In 2013, Upshaw played 16 games with 31 tackles, 1.5 sacks, and two passes defended. In 2014, he played 16 games with 46 tackles and one pass defended. In 2015, he played 16 games with 51 tackles, two sacks, two passes defended, two forced fumbles, and two fumble recoveries. After the 2015 season, he became a free agent.

===Atlanta Falcons===
On March 25, 2016, Upshaw signed a one-year contract with Atlanta Falcons worth $1.25 million. In 13 games of 2016, Upshaw finished the year with 24 tackles, a sack, and a forced fumble. The Falcons finished the season with an 11–5 record, and eventually made it to Super Bowl LI, where they would lose in overtime to the New England Patriots by a score of 34–28. In the game, Upshaw had one sack and one total tackle.
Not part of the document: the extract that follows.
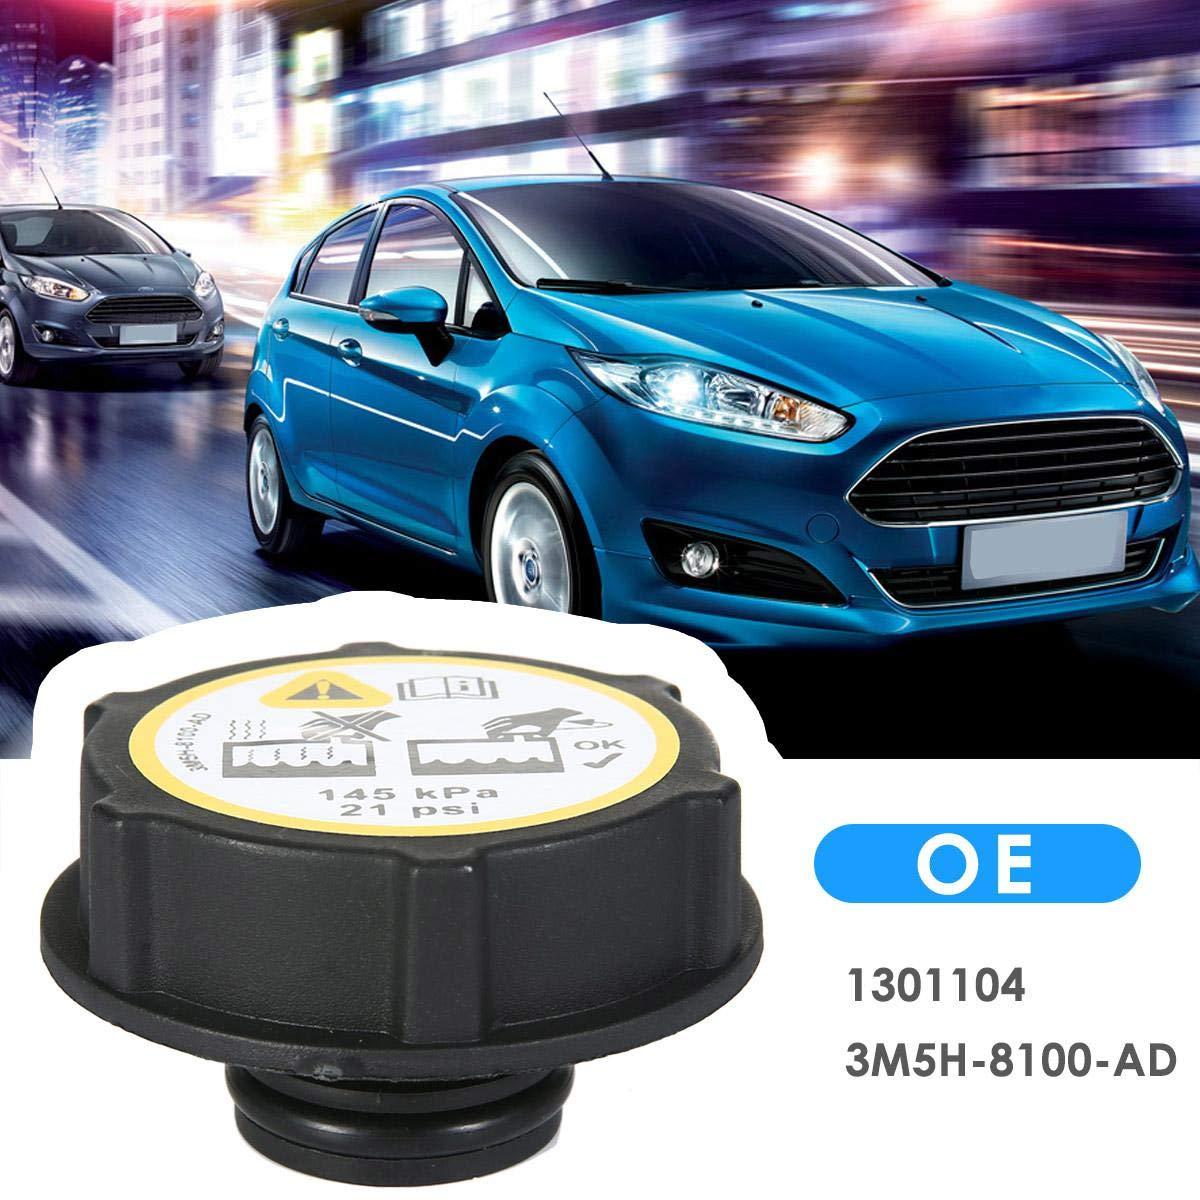 DokFin Tapa de Tanque de Expansi/ón Tapa del Radiador para Ford//Focus//Fiesta//C-MAX//Mondeo//Transit #1301104 3M5H-8100-AD, Negro

On March 9, 2017, the Falcons re-signed Upshaw. In the 2017 season, he appeared in 13 games and finished one sack and one forced fumble.

===New York Jets===
On June 14, 2018, Upshaw signed with the New York Jets. On July 28, Upshaw was released by the Jets.

==NFL career statistics==

Legend
| Bold | Career high |

===Regular season===

Year: Team; Games; Tackles; Interceptions; Fumbles
GP: GS; Cmb; Solo; Ast; Sck; TFL; Int; Yds; TD; Lng; PD; FF; FR; Yds; TD
2012: BAL; 16; 9; 60; 38; 22; 1.5; 8; 0; 0; 0; 0; 1; 1; 2; 5; 0
2013: BAL; 16; 13; 30; 19; 11; 1.5; 2; 0; 0; 0; 0; 2; 0; 0; 0; 0
2014: BAL; 16; 14; 42; 25; 17; 0.0; 4; 0; 0; 0; 0; 1; 0; 0; 0; 0
2015: BAL; 16; 15; 51; 29; 22; 2.0; 3; 0; 0; 0; 0; 2; 2; 3; 0; 0
2016: ATL; 13; 5; 24; 15; 9; 1.0; 1; 0; 0; 0; 0; 1; 1; 1; 0; 0
2017: ATL; 13; 0; 9; 5; 4; 1.0; 2; 0; 0; 0; 0; 0; 1; 0; 0; 0
Career: 90; 56; 216; 131; 85; 7.0; 20; 0; 0; 0; 0; 7; 5; 6; 5; 0

===Playoffs===

Year: Team; Games; Tackles; Interceptions; Fumbles
GP: GS; Cmb; Solo; Ast; Sck; TFL; Int; Yds; TD; Lng; PD; FF; FR; Yds; TD
2012: BAL; 4; 2; 9; 7; 2; 0.0; 1; 0; 0; 0; 0; 0; 1; 0; 0; 0
2014: BAL; 2; 2; 4; 3; 1; 1.0; 1; 0; 0; 0; 0; 0; 0; 0; 0; 0
2016: ATL; 3; 0; 1; 1; 0; 1.0; 1; 0; 0; 0; 0; 0; 0; 0; 0; 0
2017: ATL; 2; 0; 2; 0; 2; 0.0; 0; 0; 0; 0; 0; 1; 0; 0; 0; 0
Career: 11; 4; 16; 11; 5; 2.0; 3; 0; 0; 0; 0; 1; 1; 0; 0; 0

==Personal life==
In 2023, Upshaw was hired as defensive line coach under Rush Propst at Pell City High School (AL).